Michael Shannon's Zod perfectly epitomizes the movie's Yin and Yang. He gives a passionate and intense performance, trying to elevate mediocre material. We're told he's a friend of Jor-El, but the movie also tells us he's part of the machine: grown to defend Krypton without any thought for morality or convention. Single-minded of purpose and willing to do anything to achieve his goals. How were these guys friends again? Doesn't making the most important living Kryptonian a genocidal maniac who can't be reasoned with rob Kal-El's eventual decision of any tension or poignancy? Who cares? We gotta get to the next set piece here, fella.

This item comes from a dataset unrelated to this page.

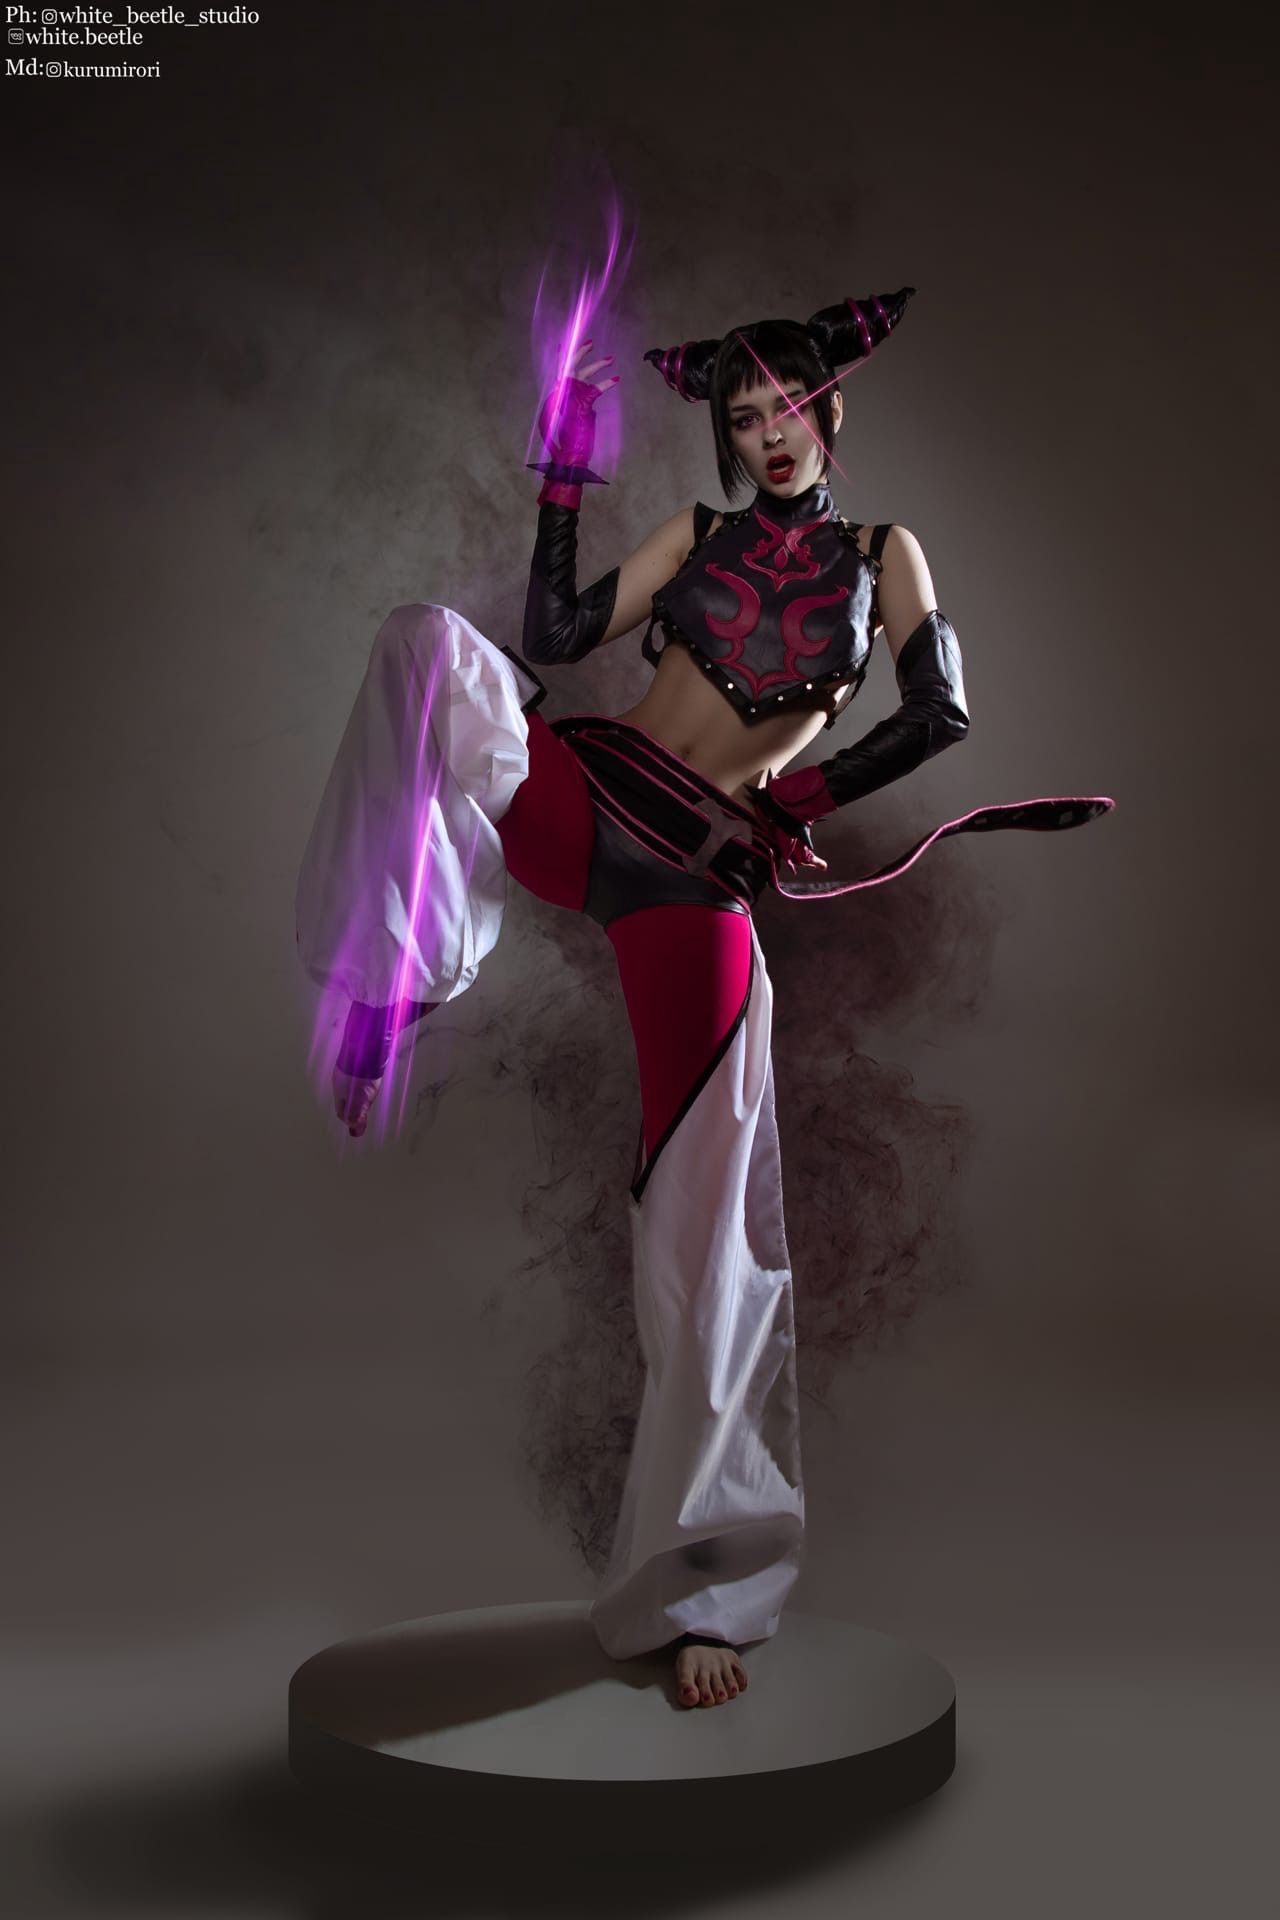 Косплей на Джури из Street Fighter &mdash; богиня тхэквондо. Косплеер: mars. 火星. Фотограф: white beetle. Источник: vk.com/kurumirori

For all the 1978 film's problems, it is a movie with epic sweep and bright optimism. From Brando's New Testament-by-way-of-Amazing Stories gravitas to Reeve and Kidder effortlessly flirting on the balcony it is a movie with bright, bold, lively characterizations that pop from the screen in their exuberance. It never fails to make me smile with it's lightness of tone, and depth of visual metaphor-- it is a great, focused, film. This film strives for realism at the expense of tone. You will believe a man can fly-- you'll just wonder why he'd want to. This review has come off a lot more negative than I intended. I was thoroughly entertained by most of this film, and there's the makings of a great Superman franchise. I think this film was so focused on not being your daddy's Superman that it forgot what was so cool about that character. There's a lot of potential here, but they haven't quite hit the sweet spot yet.